Revision of Ideas for simplified manual for beginners (SMB) from Tue, 03/02/2010 - 11:26

The revisions let you track differences between multiple versions of a post.

Some thoughts on how to structure such a manual:

1. Getting started in R - to be written
To include: Explain how to get R loaded, set up directory, brief explanation of console vs editor screens, how to escape if program in loop, what the little + signs in left hand column mean, how to comment; Most could be taken from any introduction to R; we can refer to this, but nevertheless, I think a couple of paragraphs of the essentials should be included in SMB

2. Generating simulated data in R - see below
Based on Optimization script p 11, but heavily commented.
User-defined variables to have names such as mydata, mylabel.
This would avoid difficulties for beginners in working out what bits of a script are variables and what are functions.
Also revised script shows how to compute covariances, SDs etc in R, how to plot scatterplot of data, and how to write data to a file and read it back.

3. Matrix operations in R - to be written
This could be lifted from existing sources. Should be kept pretty simple at this stage, but need to explain basic operations of matrix multiplication, transpose, inverse,etc. An appendix similar to that in Mx Manual, with exercises for doing matrix operations, would be useful.

4. Introduction to optimization and maximum likelihood - partly done - but got stuck: see below!
First encounter with OpenMx, in very simplified analysis based on script on p 12-14, but computing likelihoods for fixed values of correlation from .1 to .9, so these can be plotted.
User encouraged to repeat analysis with different sample size for simulated data, to show how this affects likelihood estimation. Although this introduces user to OpenMx, main aim here is to get them to understand likelihood estimation.

5. Introduction to SEM using RAM path method - to be done
Could be based on material on p 4, but with more explanation (based on excellent account in Mx manual), and I think better to have example where one-factor vs two-factor models are compared, and user encouraged to modify data to see how this affects likelihood estimation.

6. Introduction to SEM approach to analysis of twin data: univariate ACE model. - to be done
Should be able to use material from Mx manual here. Also worth looking at good didactic material on Shaun Purcell's website. Include path tracing rules to explain how formulae arrived at.

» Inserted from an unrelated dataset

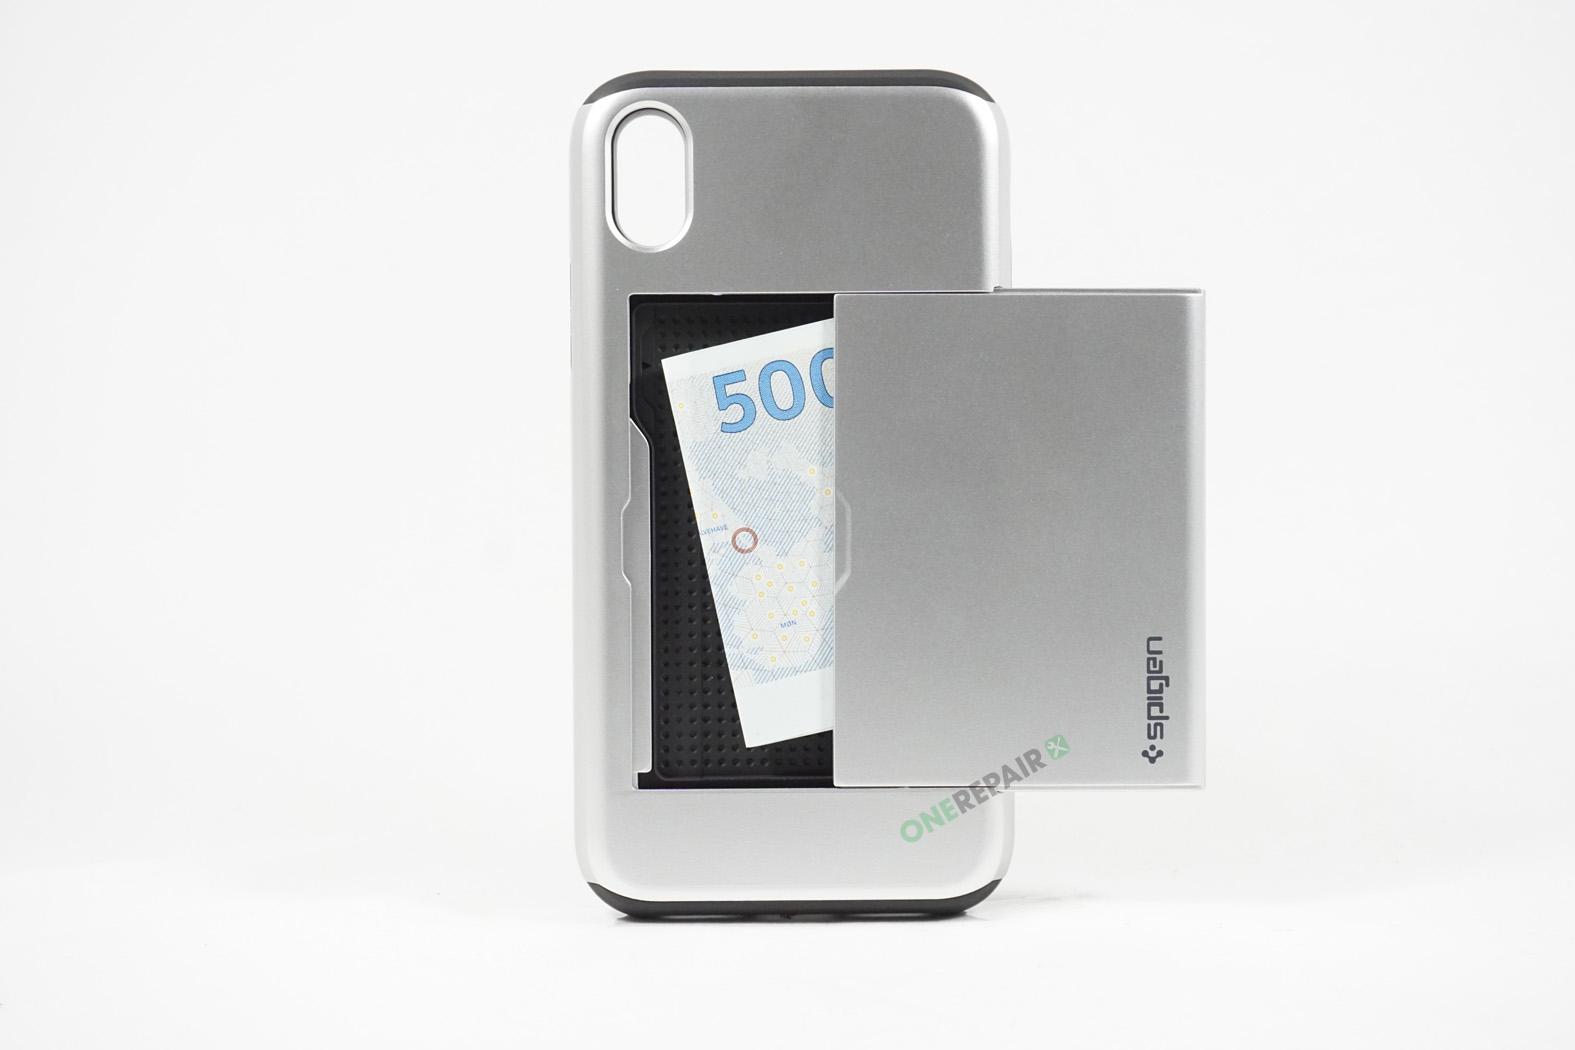 352021_iPhone_Xs_Max_Hardcase_Cover_Kortholder_Soelv_OneRepair_00004

7. Run ACE model in OpenMx - to be done
Include how to read in data that start in SPSS or xls format. Plot scatterplots for MZ and DZ pairs.

Here is my simplified version of script re point 2. NB I am totally new to R and so would welcome suggestions for improving this.

#---------------------------------------------------------------------------------
# Modified version of generate correlated data Script for real beginners (based on script on p 11)
#---------------------------------------------------------------------------------

# Simulate data on X and Y from 50 cases, with correlation of .5 between them
# (NB using smaller N than in original example, so user can see mismatch between obtained and predicted)

require(MASS) # MASS is a R package that you need for generating multivariate normal data

set.seed(2) # A seed is a value used in creating random numbers;
# You don't need to understand how it works
# Keep the seed the same if you want the same random numbers every time you run
# Change the seed to any other number to run the script and get different random numbers

rs=.5 # Correlation between variables
mydata=mvrnorm(50, # Create a matrix of multivariate random normal deviates, called mydata, and specify number of XY pairs to generate
c(0,0), # Mean values for X and Y
# NB. In R, c denotes concatenate
matrix(c(1,rs,rs,1),2,2)) # Covariance matrix to be simulated, 2 rows, 2 columns, i.e.
# [1 .5
# .5 1]

mylabels=c('X','Y') # Put labels for the two variables in a vector
dimnames(mydata)=list(NULL,mylabels) # Allocate the labels to mydata (our created dataset)
# Just accept that NULL is needed here: too complicated to explain
summary(mydata) # Print means for mydata
print('Covariances')
cov(mydata) # Print covariance for mydata
print('Correlations')
cor(mydata) # Print correlation for mydata
print('Note that actual values may differ from specified value of .5, especially with small sample size')
print('SDs')
sd(mydata) # Print SD for mydata
print('Note that the correlation = covariance/(SD_X * SD_Y)')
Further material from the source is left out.